Jamaica-based non-profit Joan N. and Norman Bluestone Foundation donated the $8 million, an amount that Queens Botanical Garden Executive Director Evie Hantzopoulos believes to be one of the largest donations given to any cultural organization in Queens.

With this donation, the Queens Botanical Garden plans to strategize the programming and educational services that will be provided to a variety of different Queens residents.

One of the things that I’ve observed and I believe in is how much potential this garden has,” Hantzopoulos said. “It’s already considered such an important resource and space for the community here in Flushing and in Queens. Through this very generous gift that we are going to receive, it’s going to open up a bunch of opportunities for us to serve.”

The Queens Botanical Garden is set to receive an upgrade in the next few years, as the city is funding a new educational building to replace its current outdated center. This donation will allow there to be no time wasted once these doors are opened, as the donation will primarily serve to fund this location’s programming.

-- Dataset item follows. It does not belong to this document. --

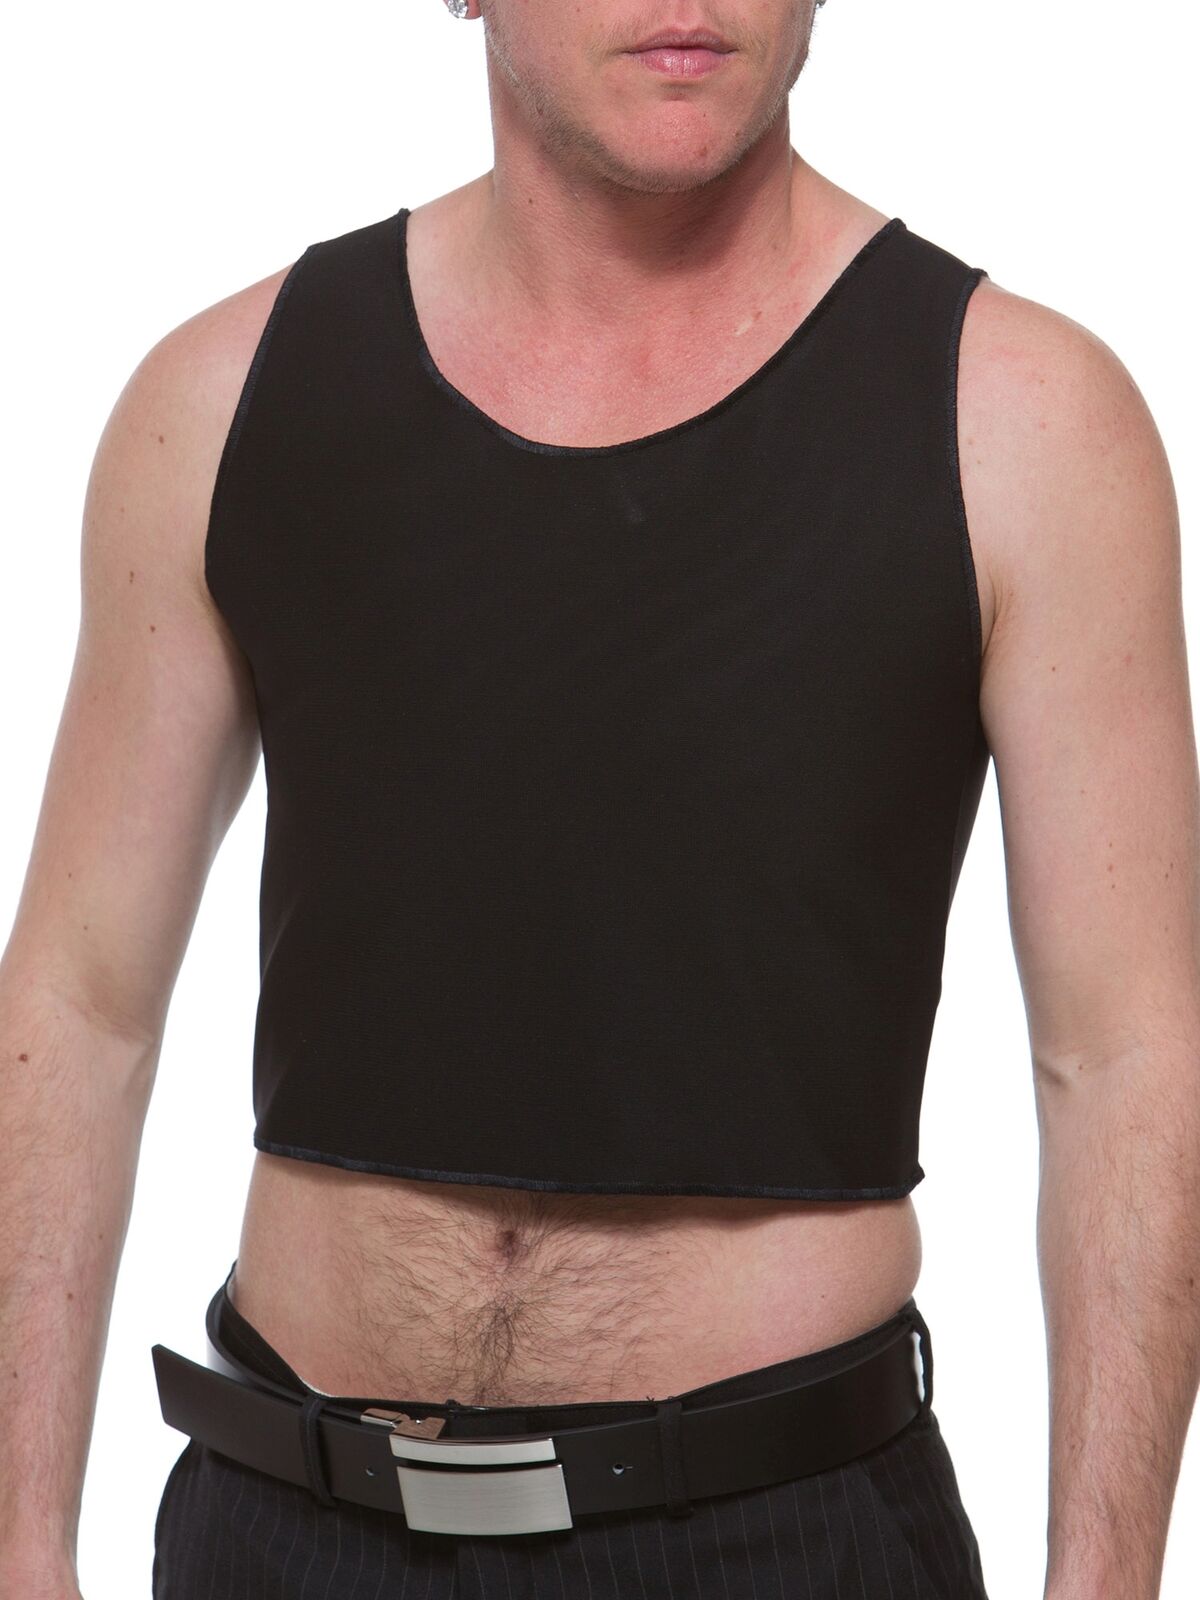 A Complete Guide to Chest Binding for Trans Men - FTM Guide

Though they are currently “at the mercy of the city” for its completion, Hantzopoulos shared that the new education center, which will be named after the Joan N. and Norman Bluestone Foundation, is set to be completed two years after its groundbreaking. The date of the groundbreaking is currently unconfirmed, but construction is anticipated to begin in early 2024.

We will be able to expand our capacity to serve New York City school children through tours, through workshops and through educational programs. We will be able to do some adult education as well,” Hantzopoulos said. “I think what’s really wonderful is that not only do we have this new building but we will also be able to staff and operate it. From day one that the building opens, we will be able to serve all the guests who come.”

The garden does currently have an education building, though outdated, and they will be developing and piloting new programming with the funding while the construction of the new building is underway.

Hantzopoulos told the Leader-Observer that the funding will directly benefit underrepresented areas in Queens — specifically Jamaica and the Rockaways as requested by the donors.

The Bluestone family… wanted to give something back to those communities as well. Through this gift, we will be doing some extra special outreach to those communities.”

The Queens Botanical Garden will work with the community within public schools, Hantzopoulos shared, in order to promote sustainability and present the opportunities they provide. They are looking at the engagement of communities who haven’t been coming to the garden as much as others, Hantzopoulos said.

The goal, with this funding, is simple to Hantzopoulos.

Our hope is that we are going to reach more people,” she said.

The garden, she explained, is on the cutting edge of environmentally sustainable practices. They are completely organic, with strategies to not waste water and composting on site, continually working to manage their resources and reduce their carbon footprint. They were the first publicly funded LEED platinum certified building in New York City in 2007, and had the first publicly accessible green roof in the city, Hantzopoulos explained.

This is the way our city needs to go in order to become more energy efficient, manage our resources better and mitigate the impacts of climate change,” Hantzopoulos said. “In addition to bringing more people to the garden… we also want to continue leading the way in terms of environmental sustainability as we face the existential crisis of climate change.”

The Joan N. and Norman Bluestone Foundation was formed in 2022 to foster the education of disadvantaged children and young adults in New York City. Joan was a longtime volunteer and donor at the Queens Botanical Garden, serving on its Board of Directors for many years, and she died in 2020.

Norman was a founding member of The Bluestone Organization, a Queens-based real estate company — he died in 2011.

The Queens Botanical Garden is located on 39 acres of city land at the northeast corner of Flushing Meadows-Corona Park.